Supplied information:
========================

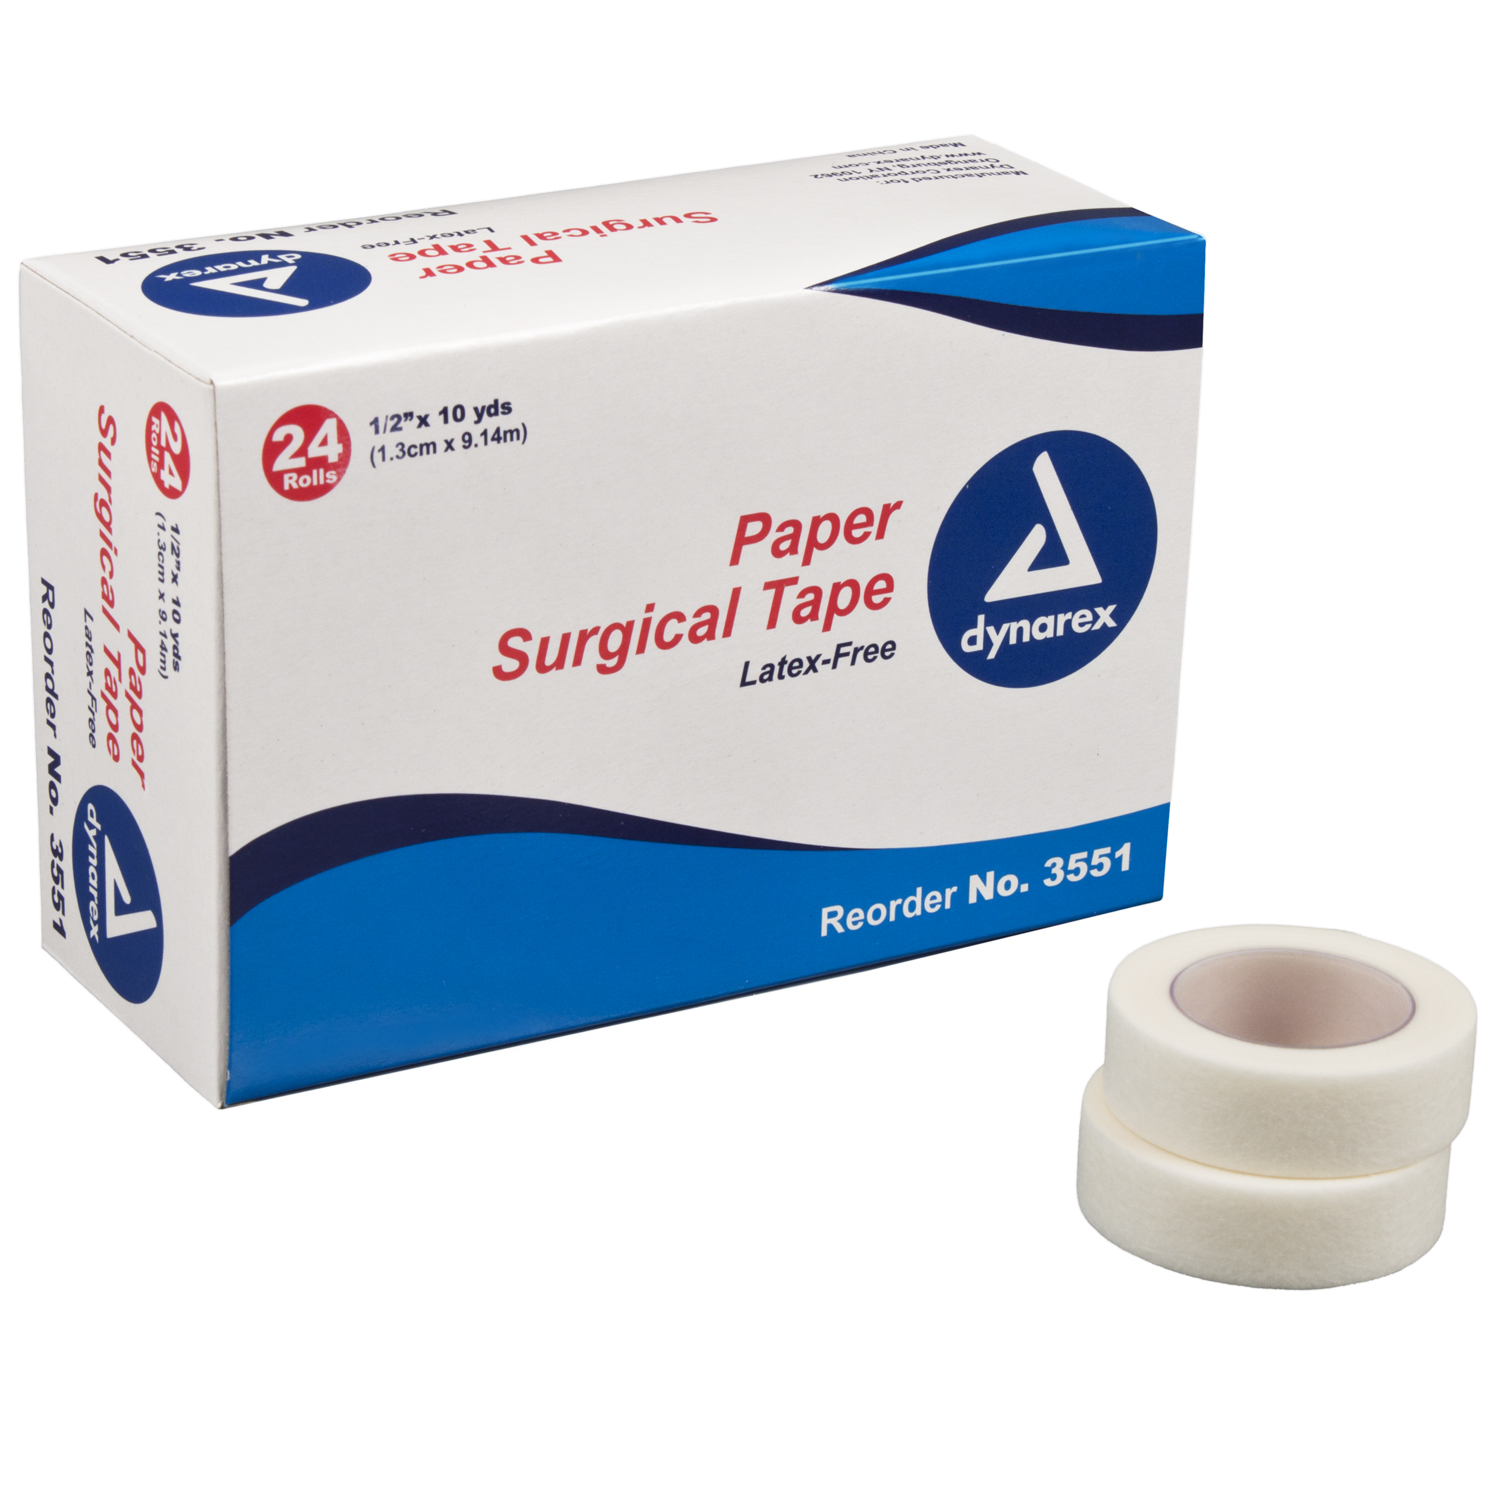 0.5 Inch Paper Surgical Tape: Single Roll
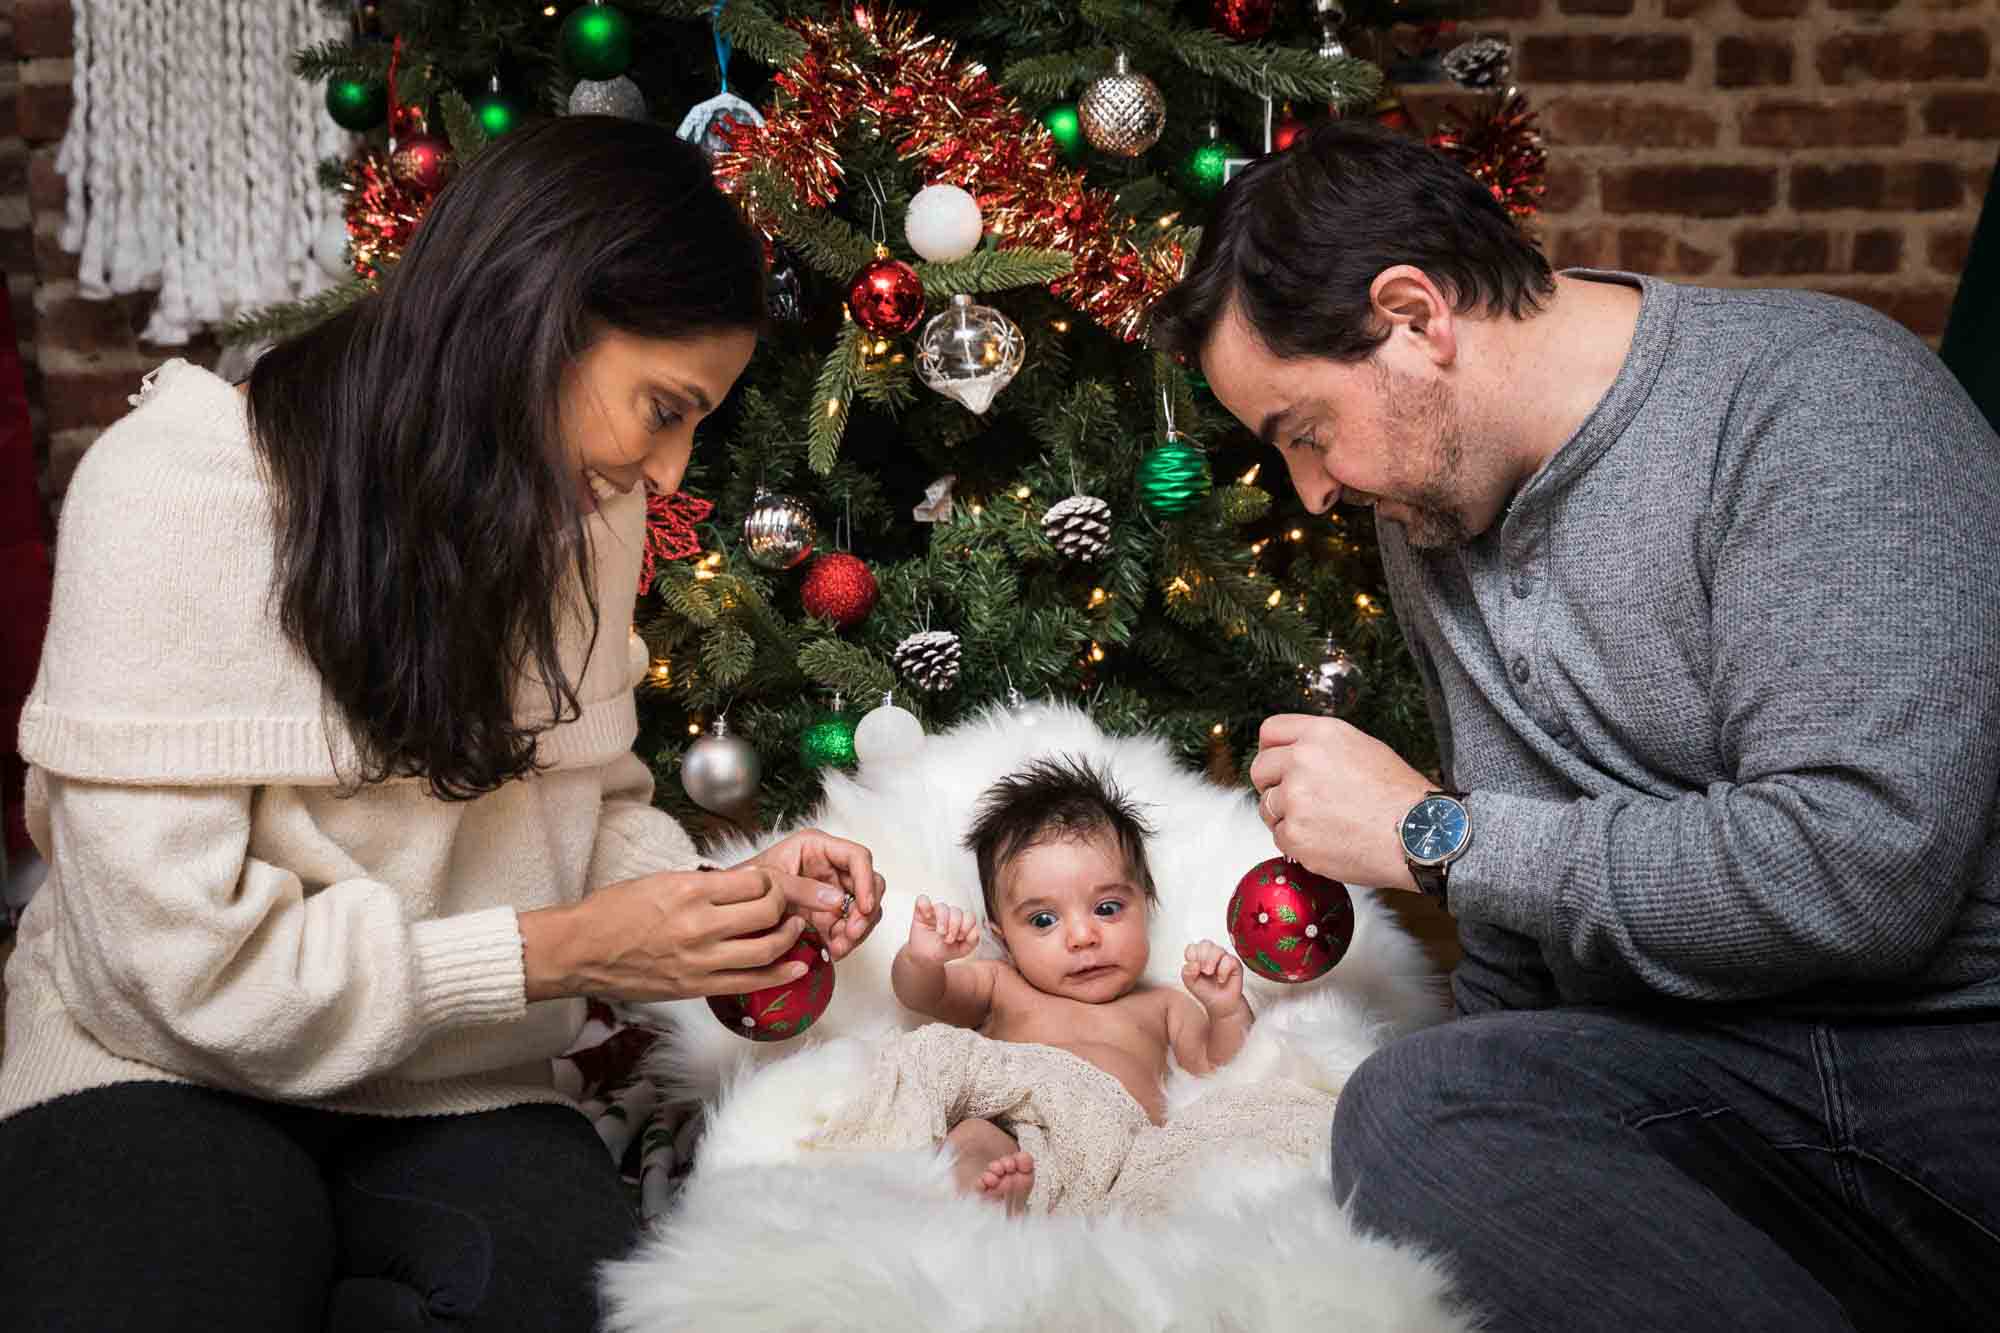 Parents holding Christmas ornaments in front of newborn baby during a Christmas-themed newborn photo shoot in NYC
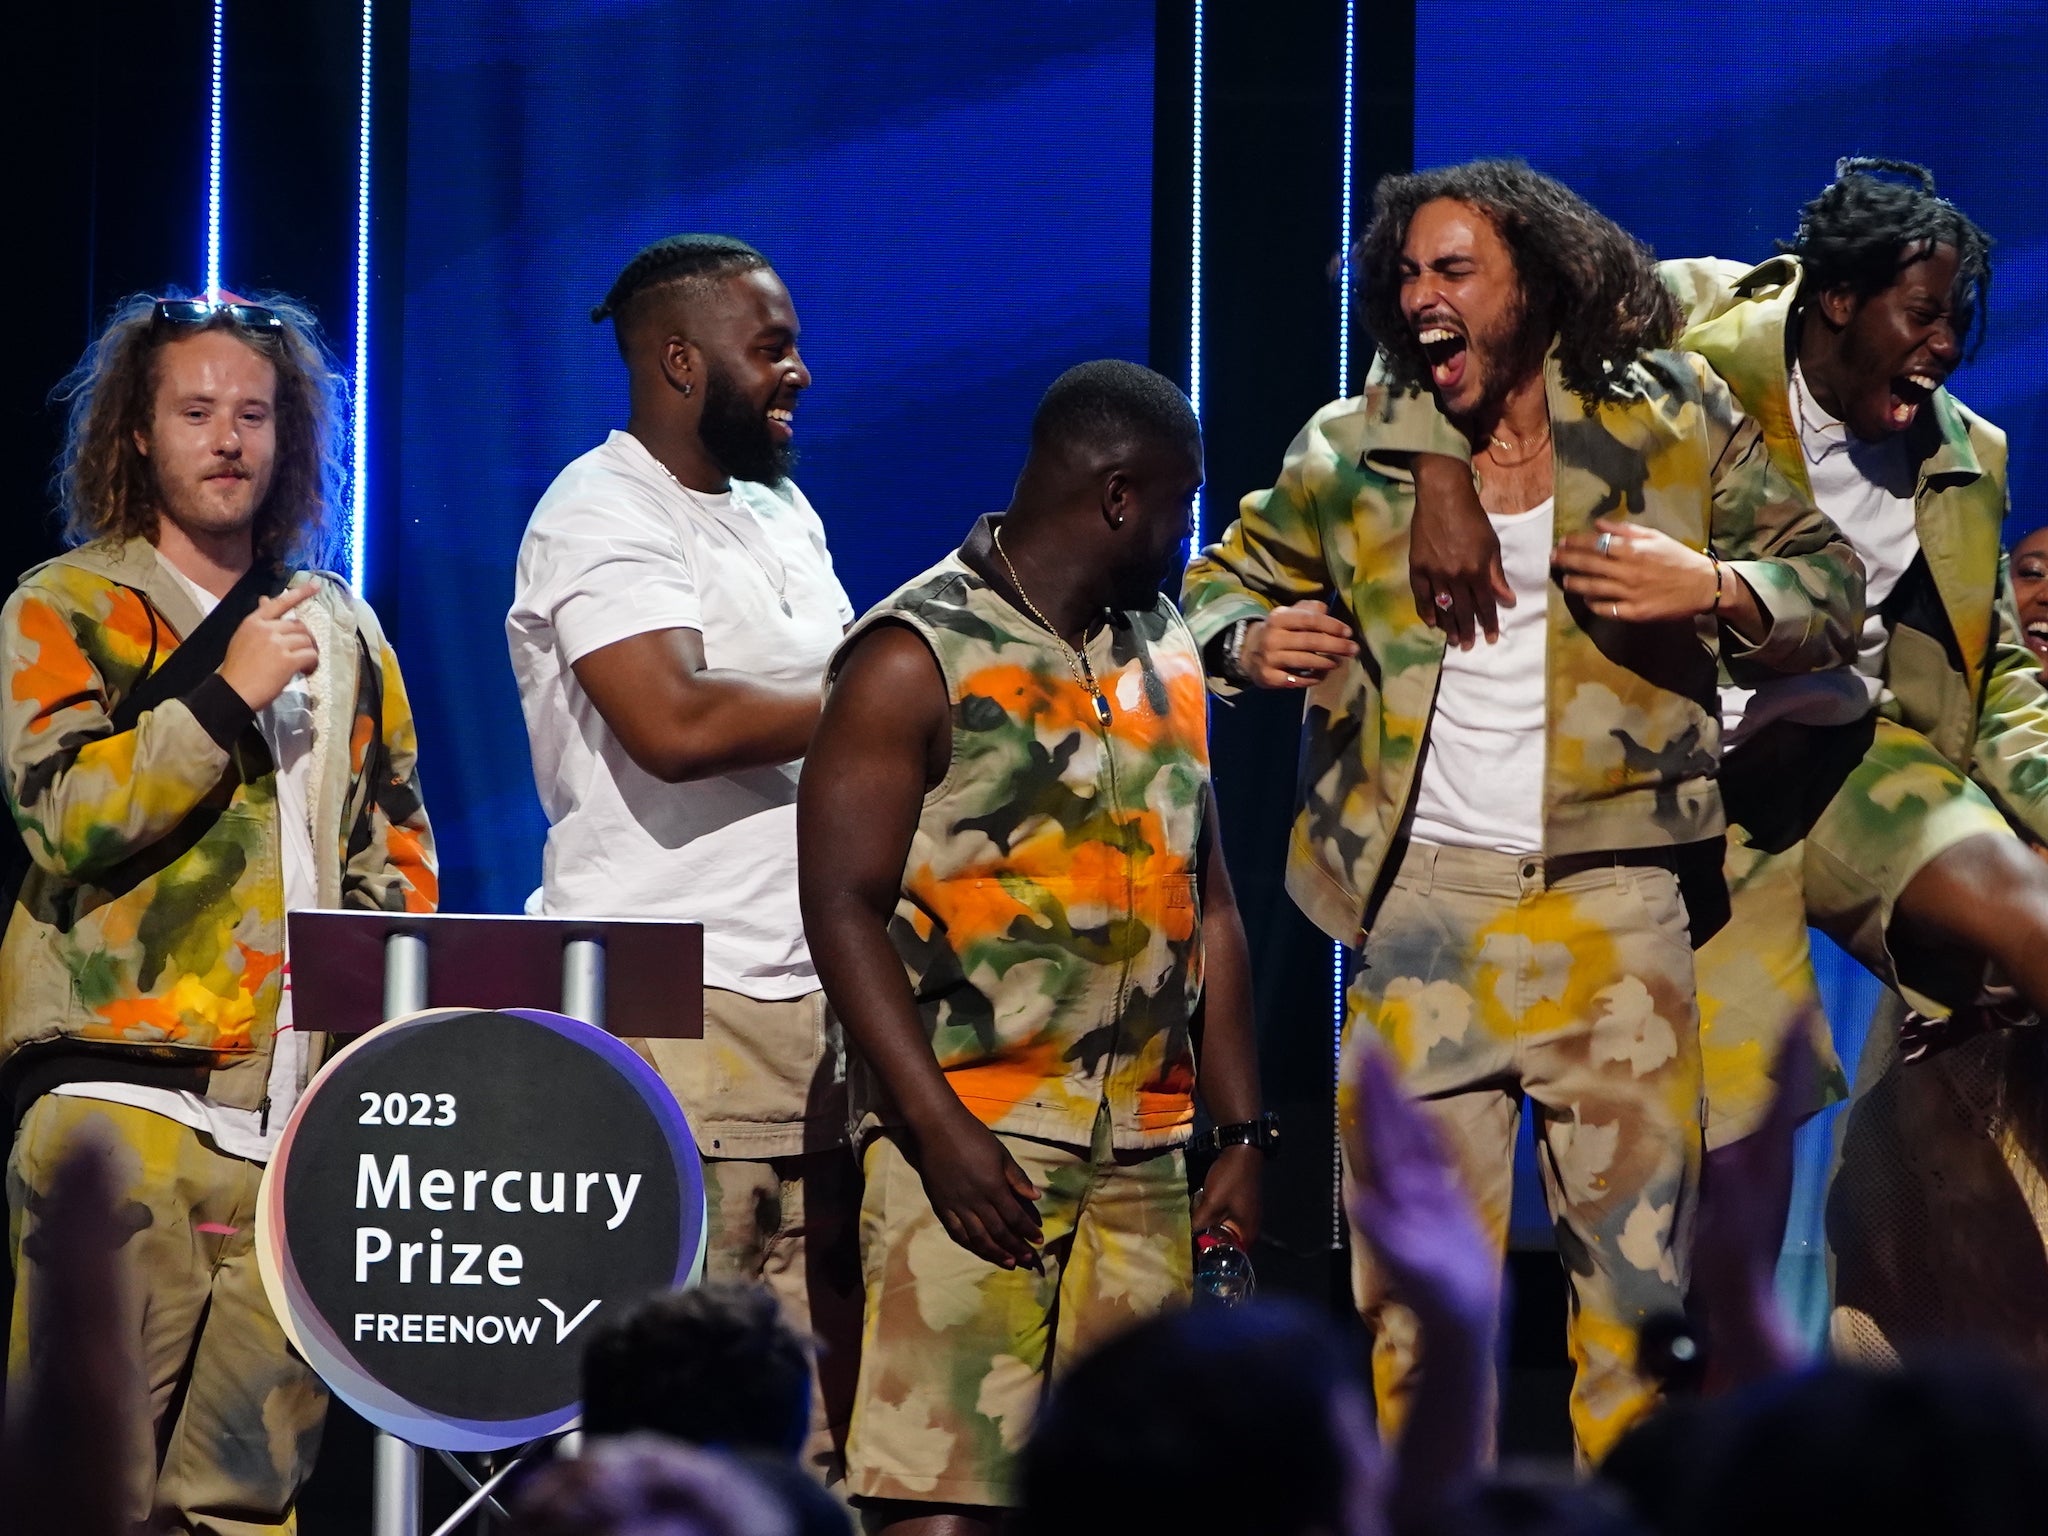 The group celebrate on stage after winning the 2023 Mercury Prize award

========================

Work required:
Please give back the material above exactly as written, pictures omitted.

Task solution:
 0.5 Inch Paper Surgical Tape: Single Roll
 Parents holding Christmas ornaments in front of newborn baby during a Christmas-themed newborn photo shoot in NYC
 The group celebrate on stage after winning the 2023 Mercury Prize award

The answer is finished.